[Start of section]

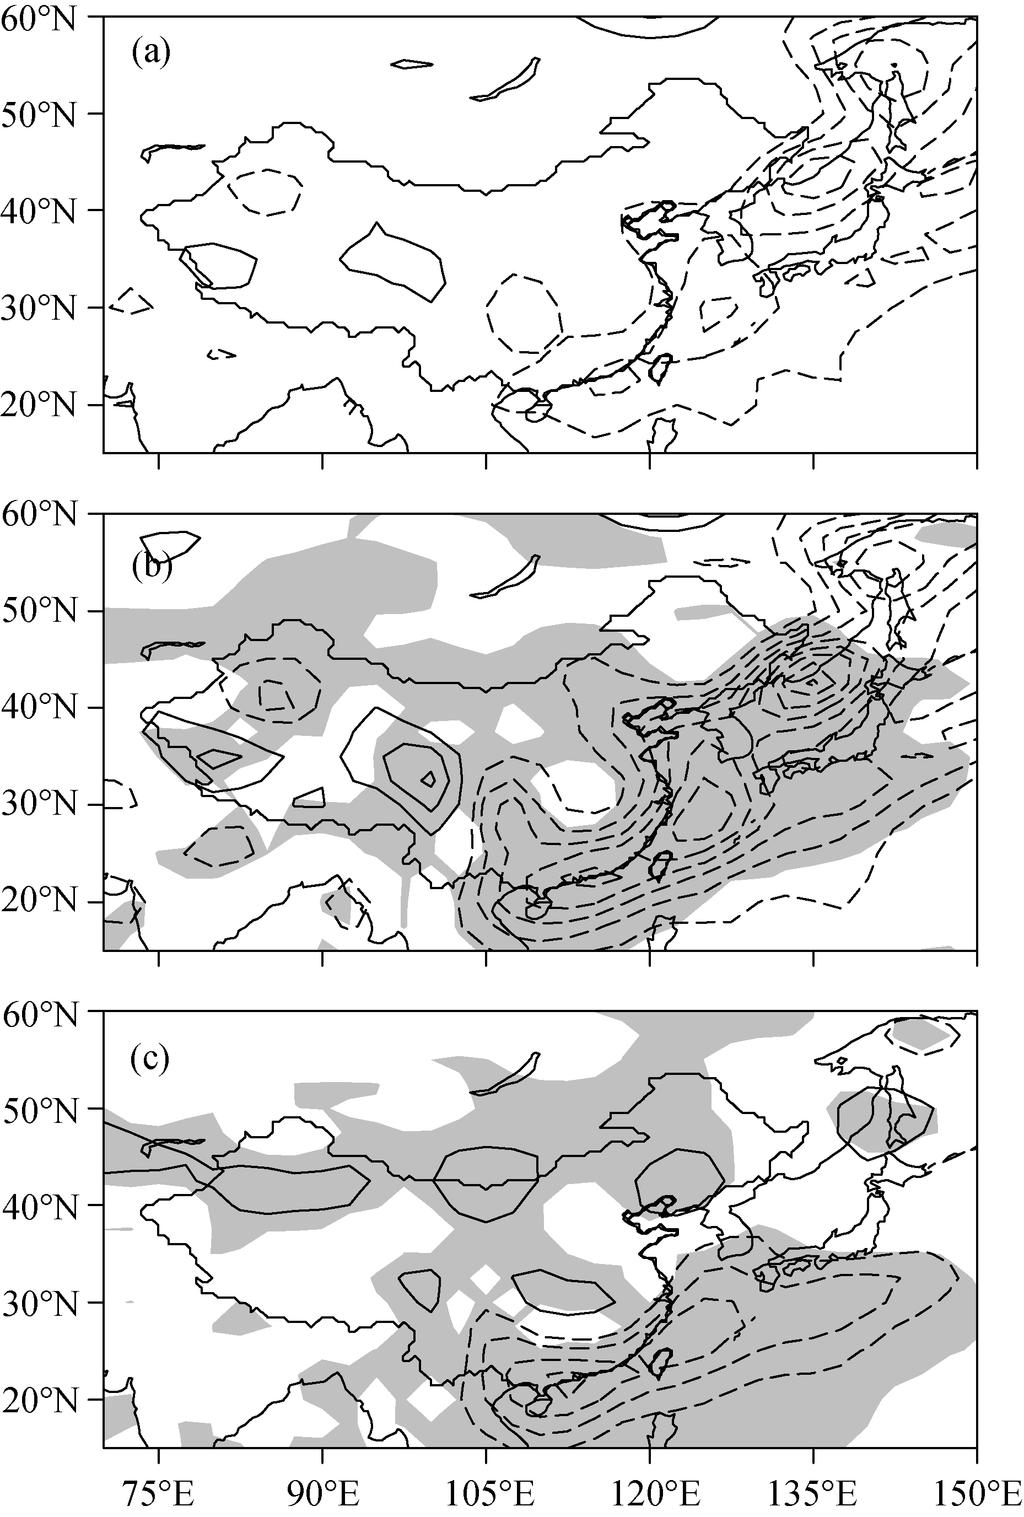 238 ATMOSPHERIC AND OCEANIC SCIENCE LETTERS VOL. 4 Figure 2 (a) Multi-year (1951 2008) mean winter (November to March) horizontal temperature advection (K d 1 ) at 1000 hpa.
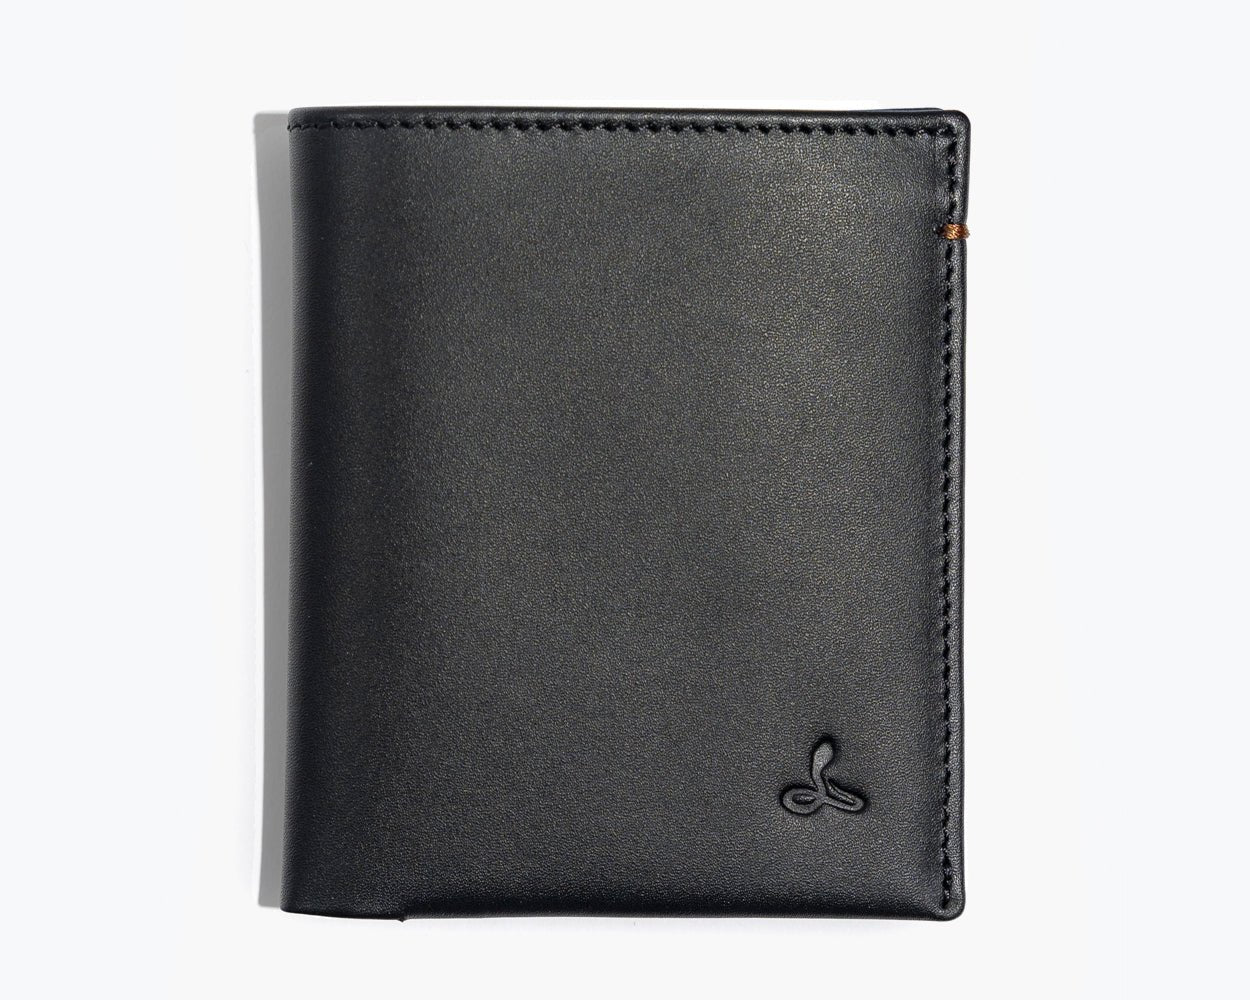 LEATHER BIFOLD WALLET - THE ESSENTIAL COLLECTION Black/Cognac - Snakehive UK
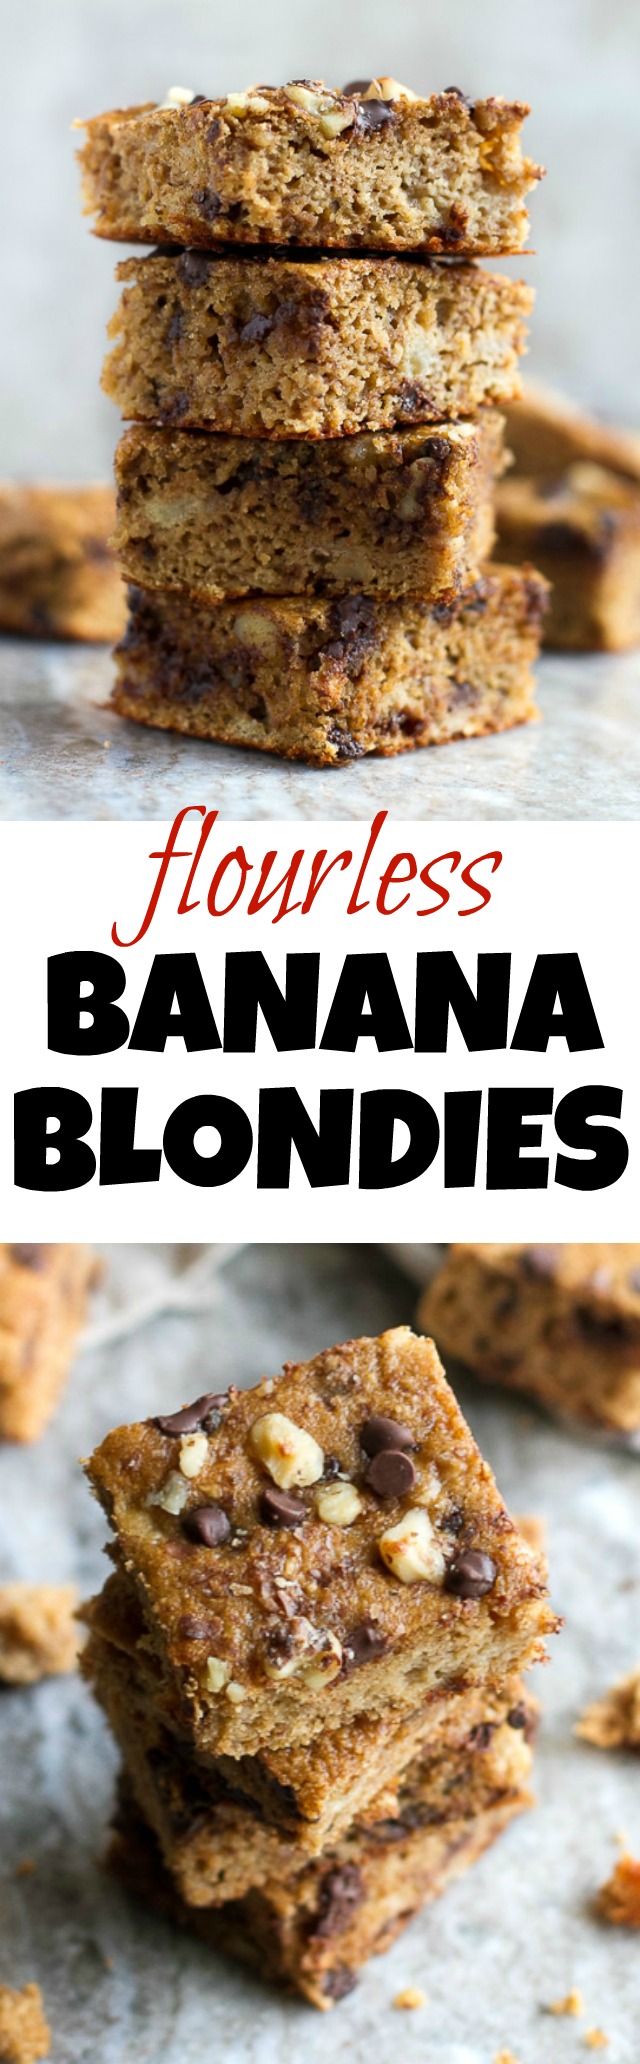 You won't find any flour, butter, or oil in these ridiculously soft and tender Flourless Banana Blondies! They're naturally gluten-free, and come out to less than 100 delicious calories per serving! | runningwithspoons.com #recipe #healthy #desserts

[End of section]
[Start of section]

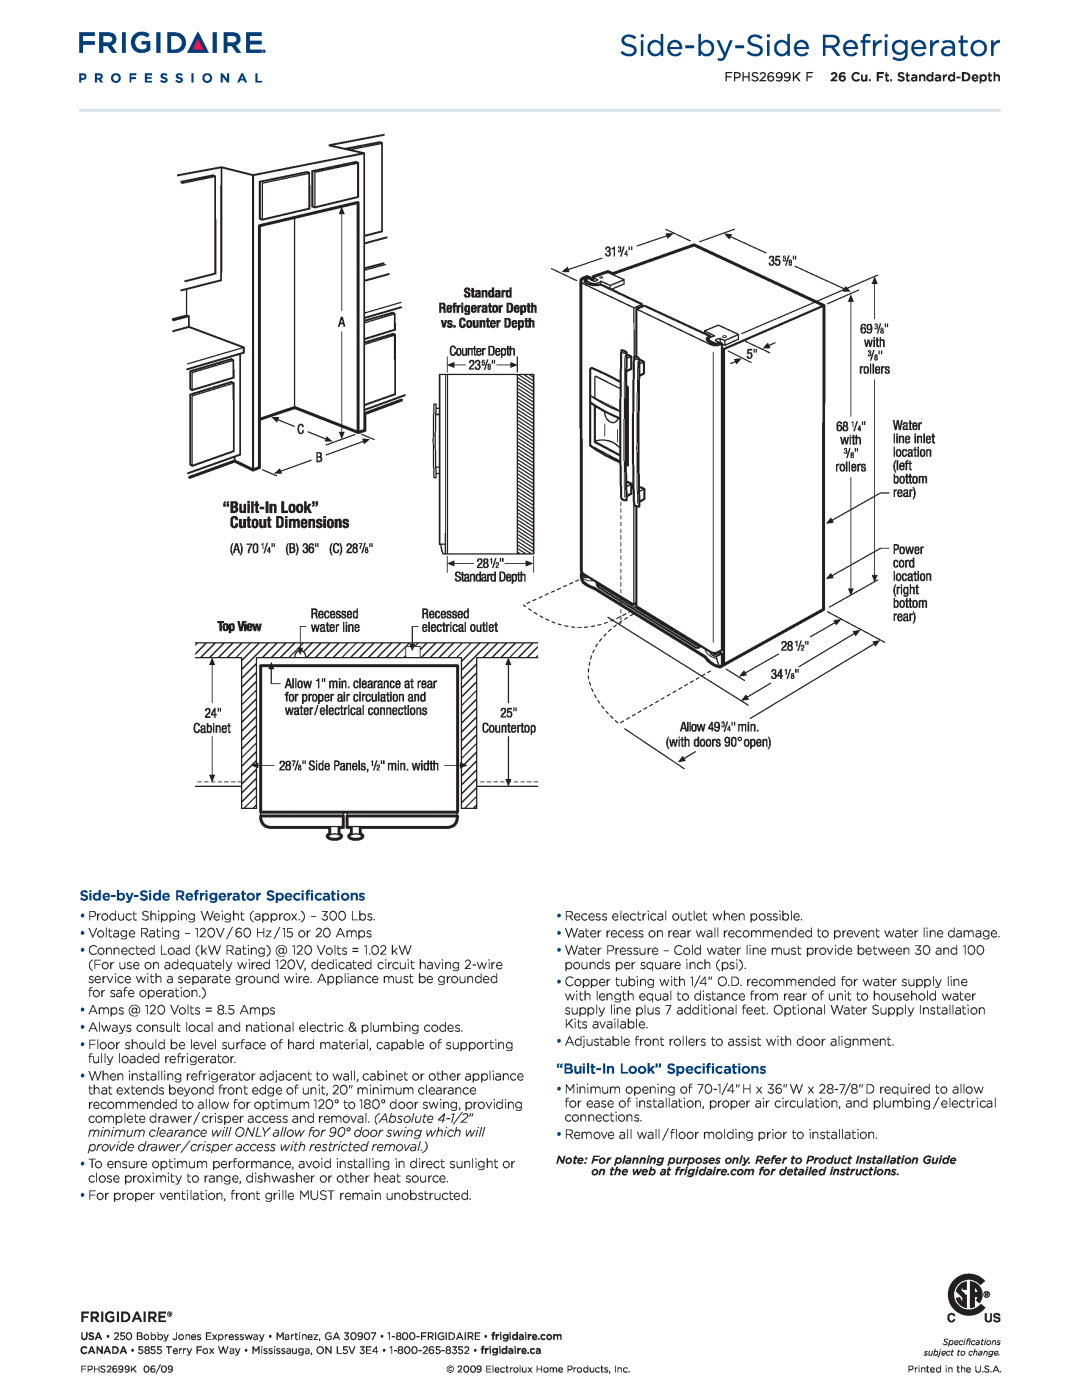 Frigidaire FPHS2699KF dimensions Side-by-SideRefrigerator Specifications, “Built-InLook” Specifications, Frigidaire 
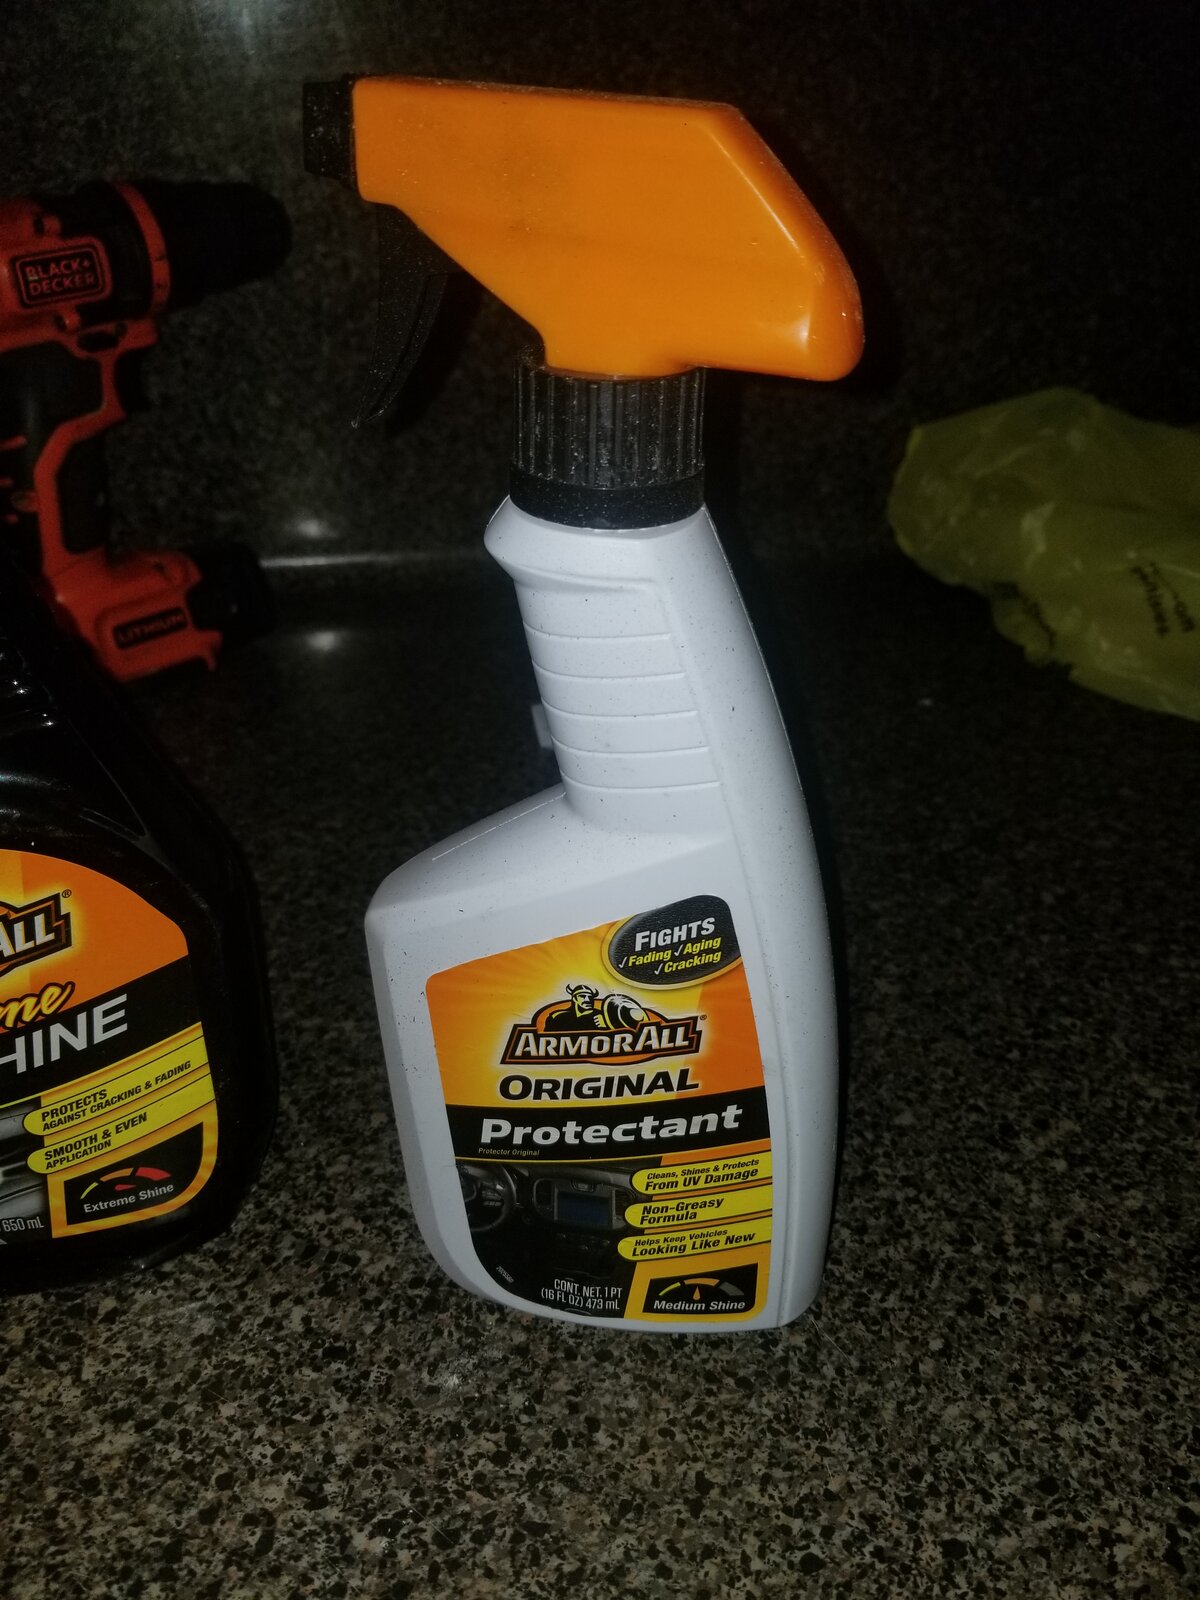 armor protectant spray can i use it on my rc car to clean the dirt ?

[End of section]

■ TASK BRIEF: In the records above, find the line with "238 ATMOSPHERIC AND" and the line with "You won't find"; please transcribe exactly those two lines and all lines between them, omitting any picture.

■ SOLVED EXERCISE:
 238 ATMOSPHERIC AND OCEANIC SCIENCE LETTERS VOL. 4 Figure 2 (a) Multi-year (1951 2008) mean winter (November to March) horizontal temperature advection (K d 1 ) at 1000 hpa.
 LEATHER BIFOLD WALLET - THE ESSENTIAL COLLECTION Black/Cognac - Snakehive UK
 You won't find any flour, butter, or oil in these ridiculously soft and tender Flourless Banana Blondies! They're naturally gluten-free, and come out to less than 100 delicious calories per serving! | runningwithspoons.com #recipe #healthy #desserts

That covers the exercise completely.